A verdade é que nessa "busca" perecem, morrem, "nos braços de todos nós", pessoas migrantes, refugiados, que apenas pretendem alcançar esse "pedacinho da gente que sabe que vai dar certo". E estas mortes acontecem, porquanto, ao não ter existido a capacidade de se perceber que cada um deles é igual a cada um de nós em dignidade e que pode ser mais e melhor, permitimos que fossem "deixados à sua sorte" em embarcações que se tornam autênticas "salas de homicídio", sem qualquer sinal de humanidade e de misericórdia.
Entre março de 2020 e março de 2022, pelo menos, 27.464 pessoas foram abandonadas no mar, algumas delas crianças!
Efetivamente, e segundo o relatório "Democracy in Europe Movement 2025" (Movimento DIEM 25), as autoridades gregas efetuaram operações de "pushbacks" (devoluções) e de "draftbacks" (abandono dos requerentes de asilo), e com tais procedimentos, que são designados de "prevenções de entrada", muitos requerentes de asilo foram deixados em pequenos barcos insufláveis, sem coletes salva-vidas, sem água e sem alimento, tendo, ainda, sido identificadas situações em que a Guarda Costeira grega atirou pessoas para o mar, sem coletes salva-vidas e em que algumas foram encontradas com algemas.
Como é que tal se torna possível numa Europa que tão bem soube acolher a comunidade ucraniana? Será que existem pessoas de primeira e pessoas de segunda e que a cor, a cultura, a doença, a fragilidade constituem obstáculos ao acolhimento?
Recordo aqui a passagem da Carta aos Hebreus em que nos é dito "Não vos esqueceis da hospitalidade, pois através dela muitos, sem saber, acolheram anjos…".
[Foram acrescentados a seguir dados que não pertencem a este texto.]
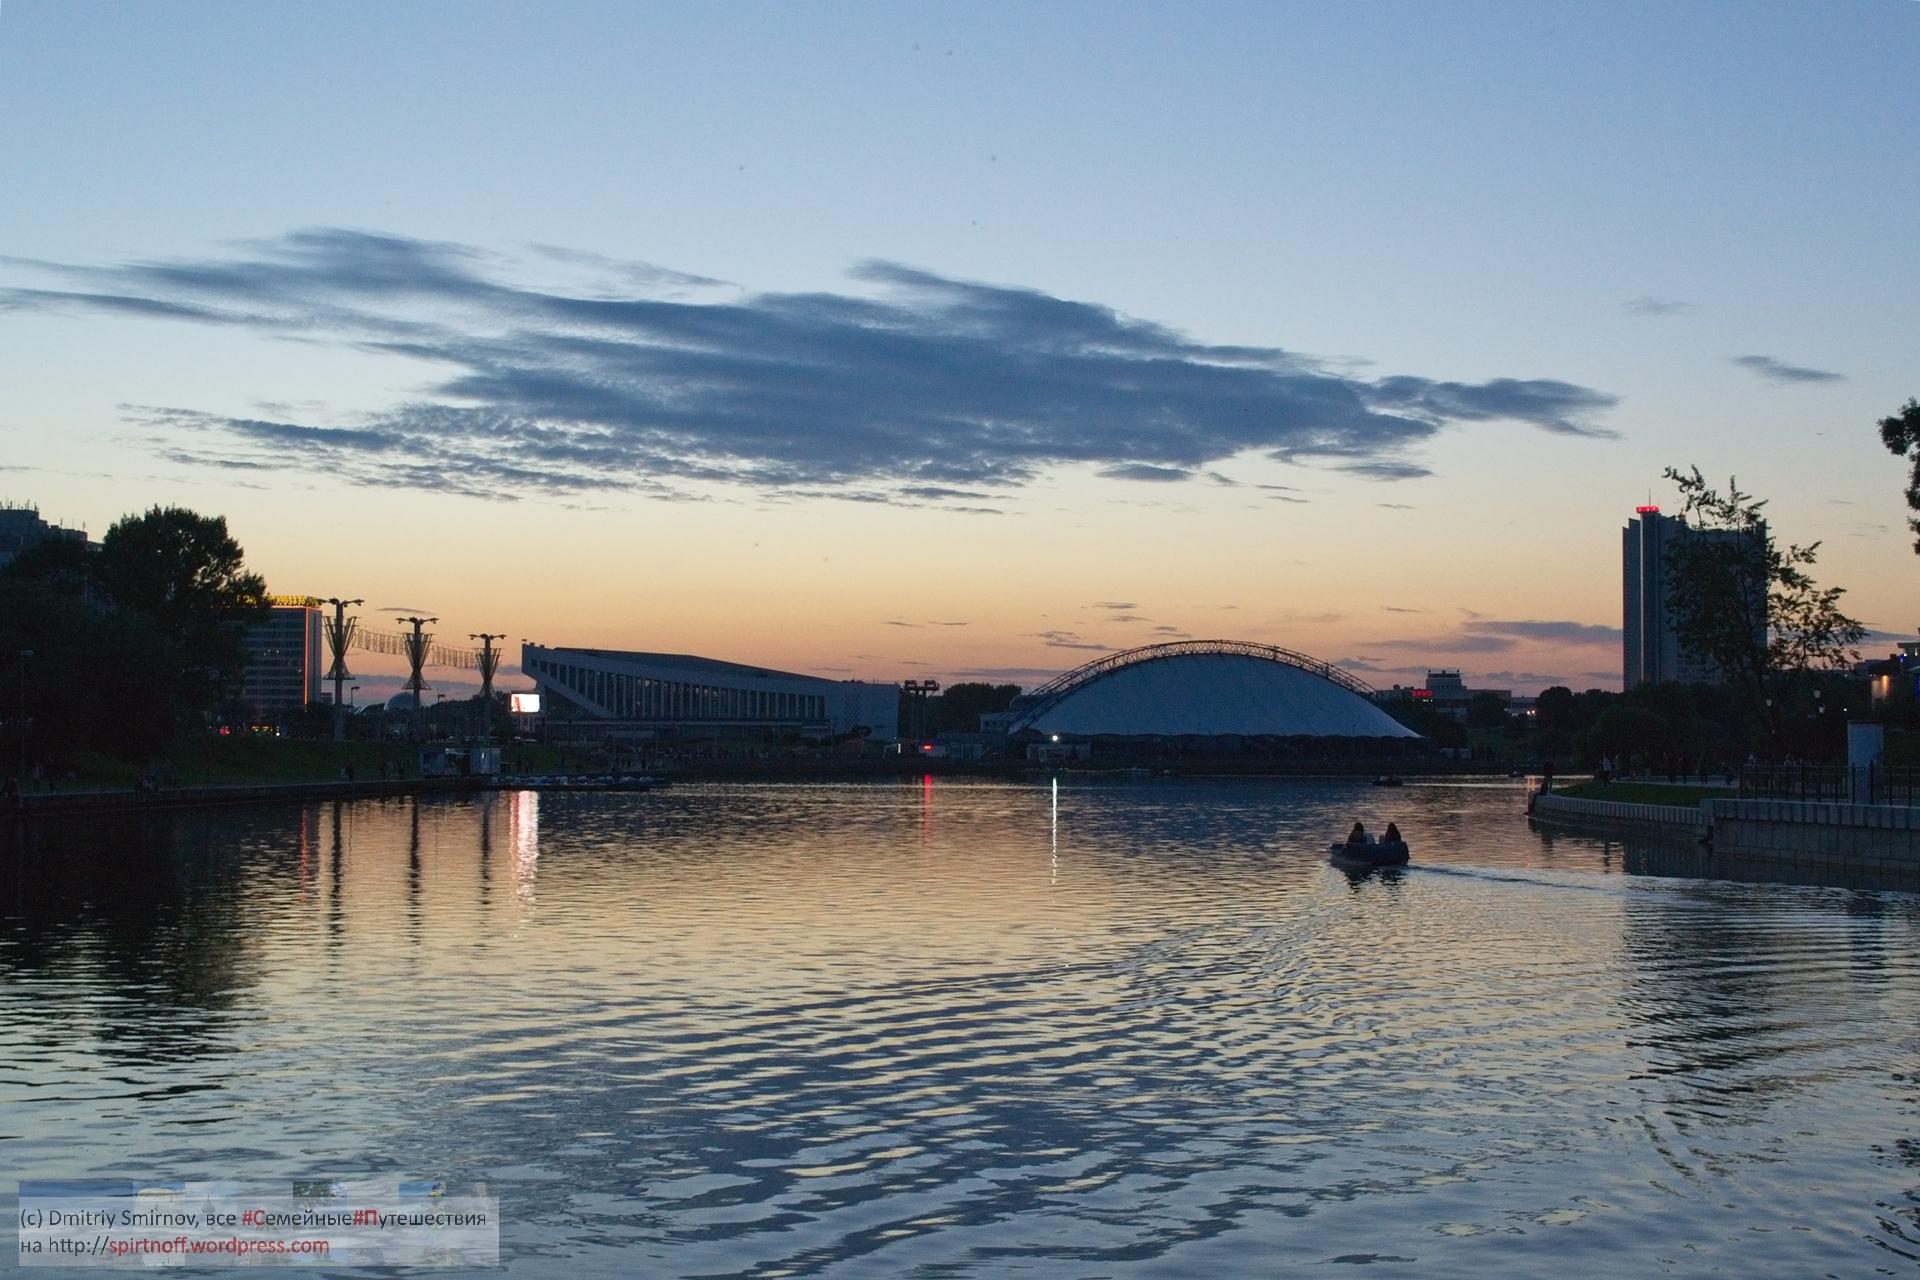 DSC_7272-63-Blog-59 Путешествия  Минск. Закат и город

Quantos de nós, quantos países e comunidades alcançaram que de tantas vezes que acolhem aquele que vem de fora, que é tão diferente de nós, acolhe um anjo que nos vai auxiliar no caminho do conhecimento, da experiência, do saber, da humildade, da perseverança. Pensemos na história do "nosso" campeão do mundo de triplo salto, Pedro Pablo Pichardo, e de tantos anónimos que tive a felicidade de conhecer, e que vão desde membros da comunidade do Uzbeque, a membros da comunidade da Guiné-Bissau, de Angola, de Moçambique, do Brasil, da China, do Paquistão…, com todos eles, com elas e com as crianças, aprendi! Ensinaram-me que do nada tudo pode ser transformado em "muito"…em "muito" de perseverança, de resiliência, de esperança, de fé, de Amor em que a "felicidade chega nos momentos de graça em que não se espera nada".
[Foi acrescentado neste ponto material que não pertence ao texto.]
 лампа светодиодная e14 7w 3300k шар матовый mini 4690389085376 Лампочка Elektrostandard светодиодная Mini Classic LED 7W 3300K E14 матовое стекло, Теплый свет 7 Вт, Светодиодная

A Europa tem que lobrigar que não pode continuar a permitir os horrores que acontecem no Mar Mediterrâneo em que tantas crianças, homens e mulheres morrem por uma esperança. Devem ser concretizadas, com a maior brevidade, políticas de apoio aos países que acolhem migrantes e refugiados e estes devem sofrer as necessárias sanções quando se verificar que adotam procedimentos que constituem verdadeiros atentados aos direitos humanos dos migrantes e refugiados.
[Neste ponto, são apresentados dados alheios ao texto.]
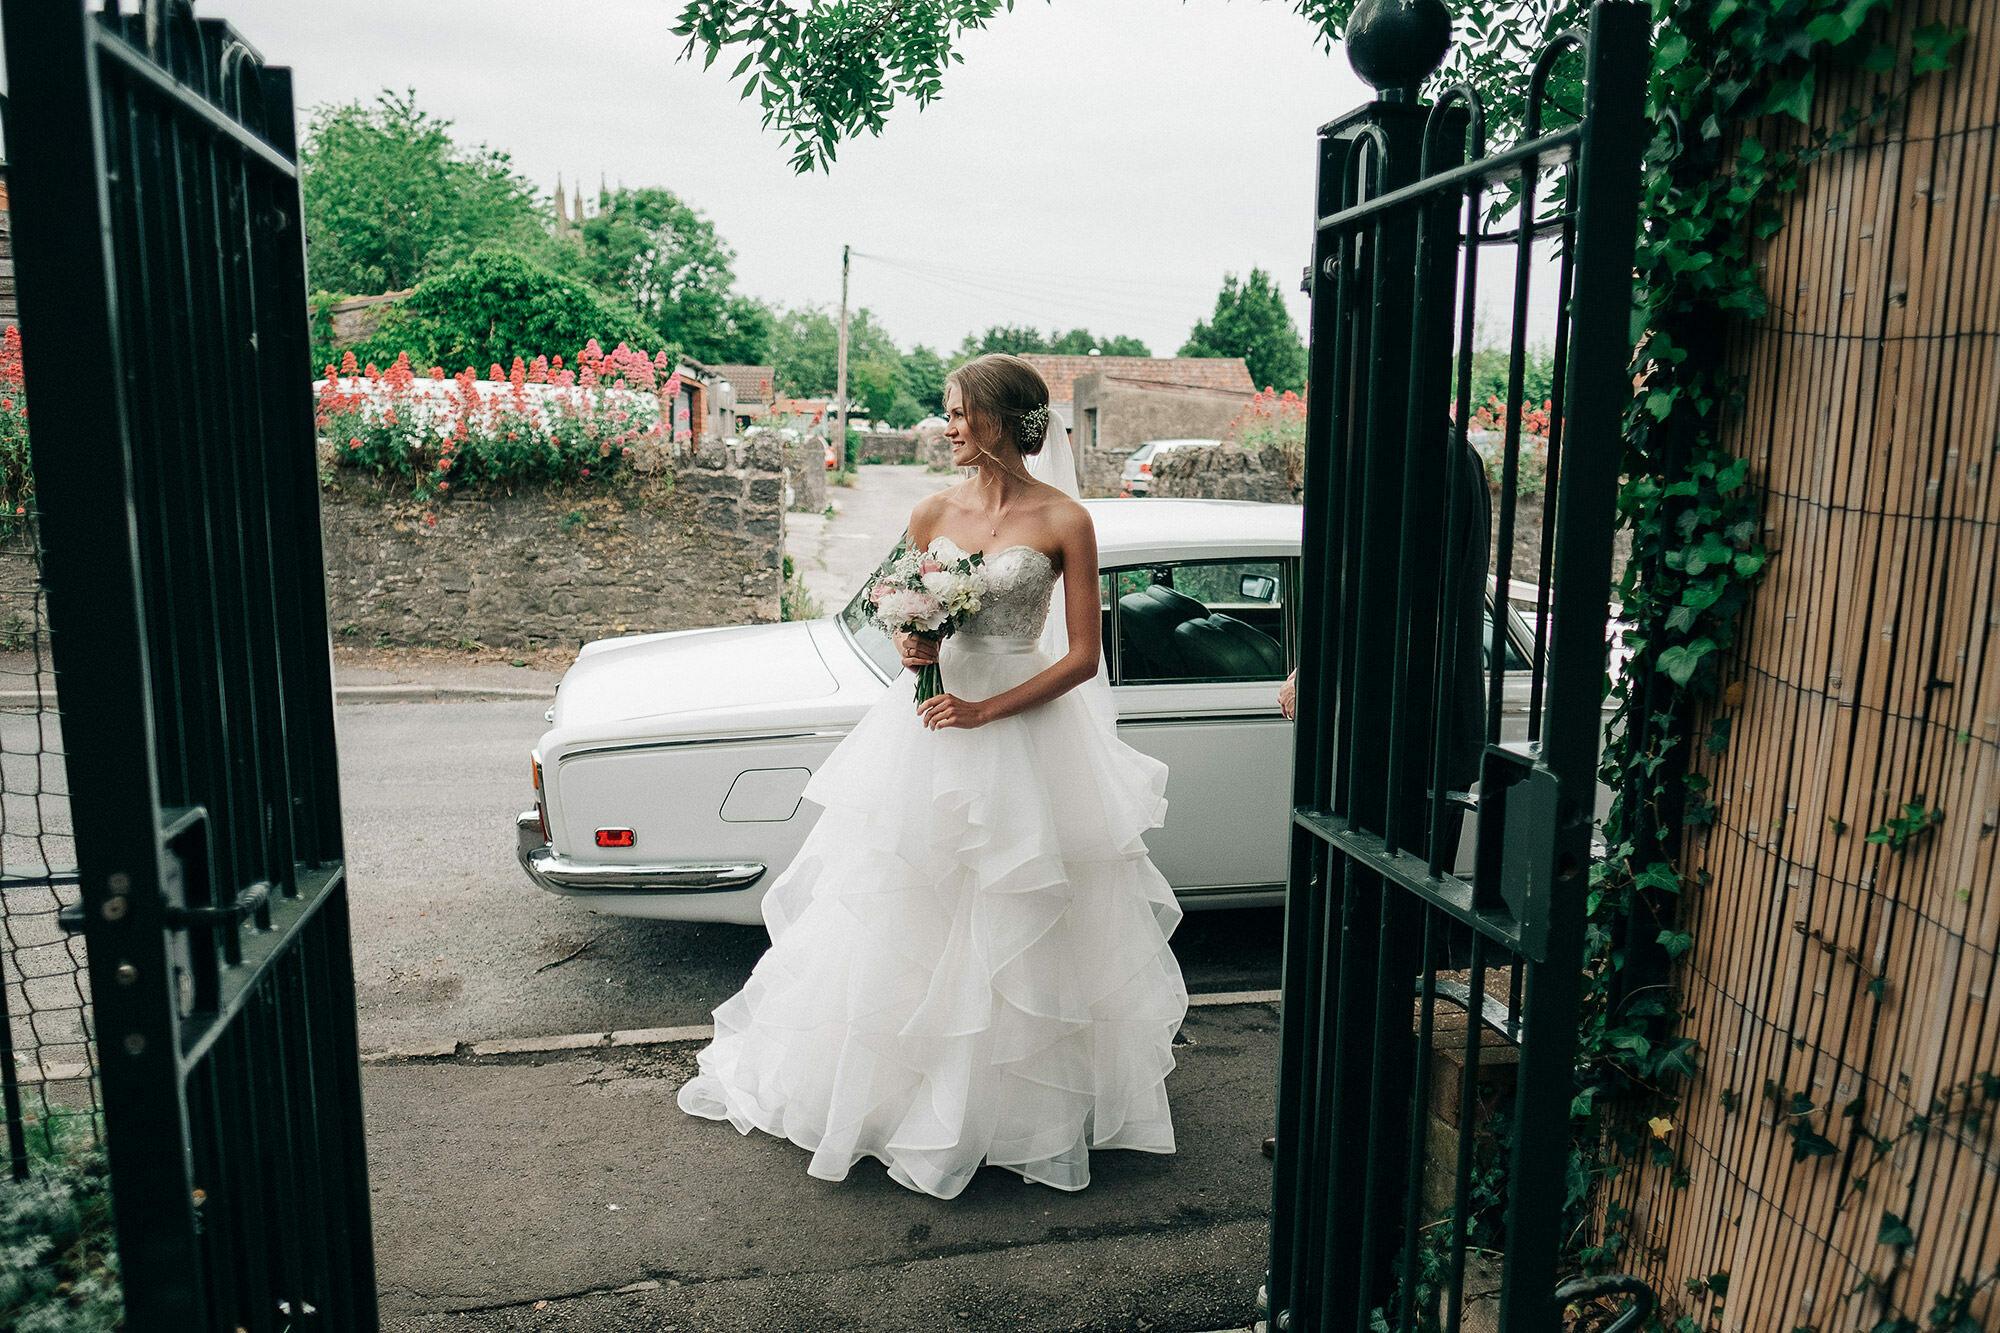 taisy-matthew-wed-2016-0229

Recordemos o que nos disse Martha Nussbaum …"ser um bom ser humano é ter uma espécie de abertura para o mundo, uma capacidade de confiar em coisas incertas além do seu próprio controlo…", que os líderes europeus nunca percam esta capacidade de abertura para o mundo e de acolhimento ao outro, porquanto é aqui que reside sua riqueza e a possibilidade de transformação duma sociedade, de um Continente que é capaz de ultrapassar as procelas que vão surgindo neste mar da migração e dos refugiados.